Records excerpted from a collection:
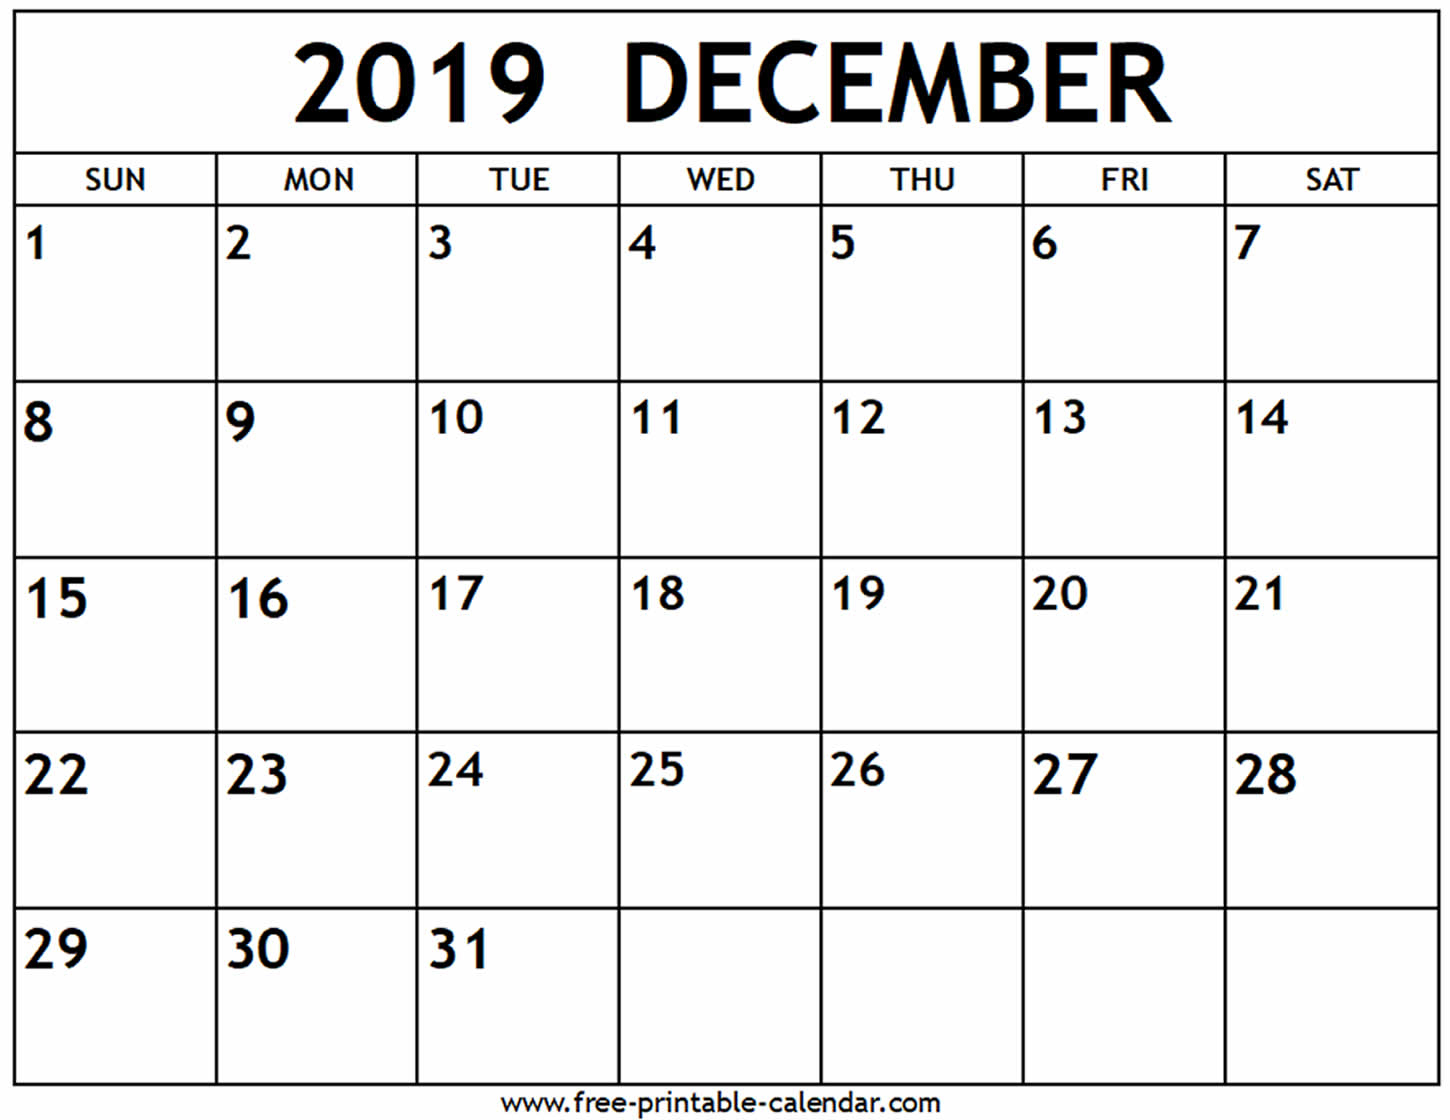 December 2019 Calendar - Free-Printable-Calendar
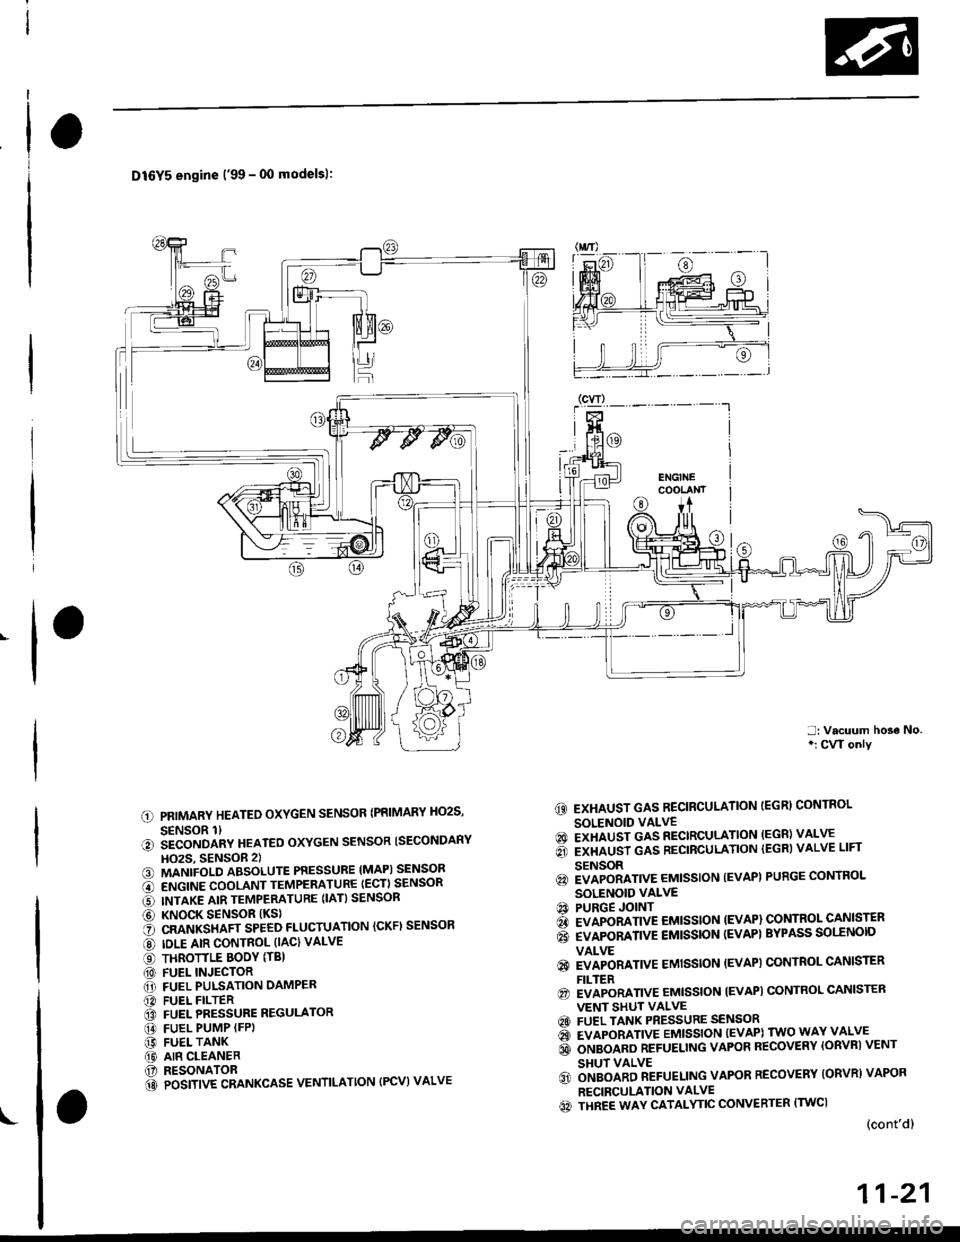 HONDA CIVIC 1996 6.G Workshop Manual D16Y5 engine (99 - 00 modelsl:
O) PRIMARY HEATED OXYGEN SENSOR (PBIMARY HO2S,
SENSOR 1)
O SECONDARY HEATEO OXYGEN SENSOR {SECONDARY
HO2S. SENSOR 2)
6] MANIFOLD ABSOLUTE PRESSURE IMAPI SENSOR
rO CruCI
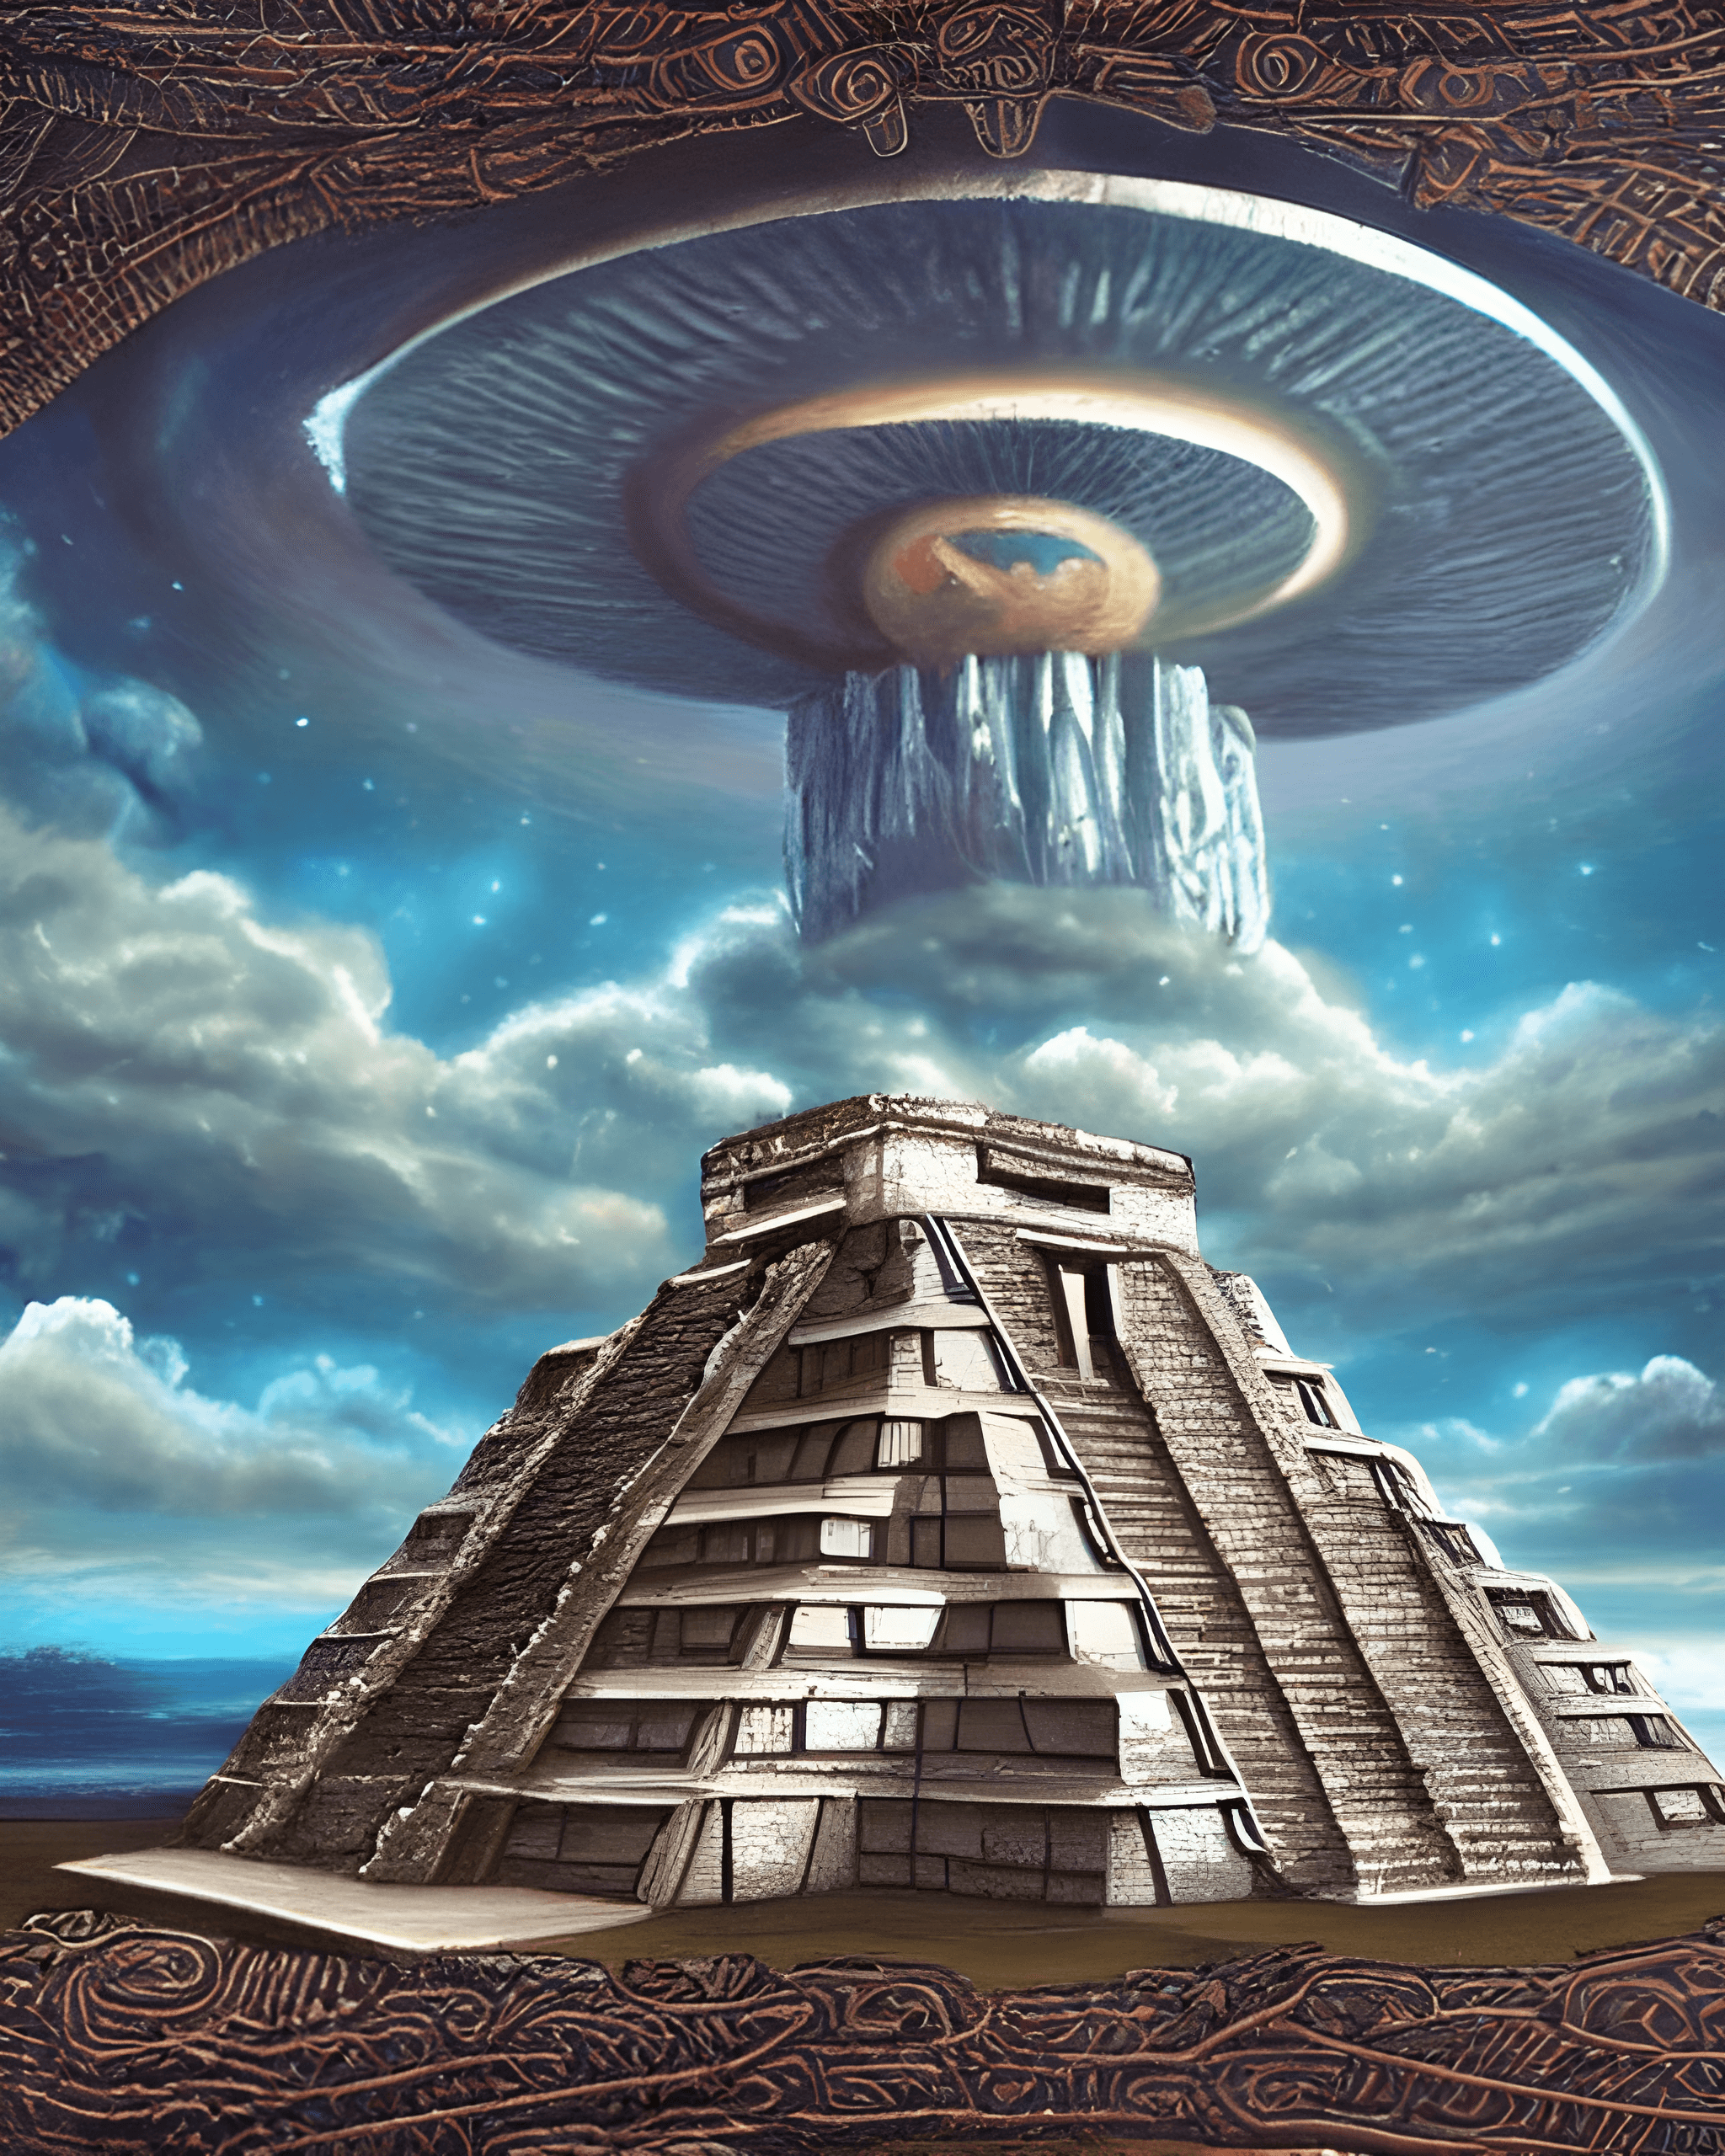 Mayan Gods Return

## TASK PROMPT
Write out the line that contains "O SECONDARY HEATEO" and every line after it to the end of the data, exactly as they stand. Omit the pictures.

## SOLUTION TO THIS EXERCISE
O SECONDARY HEATEO OXYGEN SENSOR {SECONDARY
HO2S. SENSOR 2)
6] MANIFOLD ABSOLUTE PRESSURE IMAPI SENSOR
rO CruCI
 Mayan Gods Return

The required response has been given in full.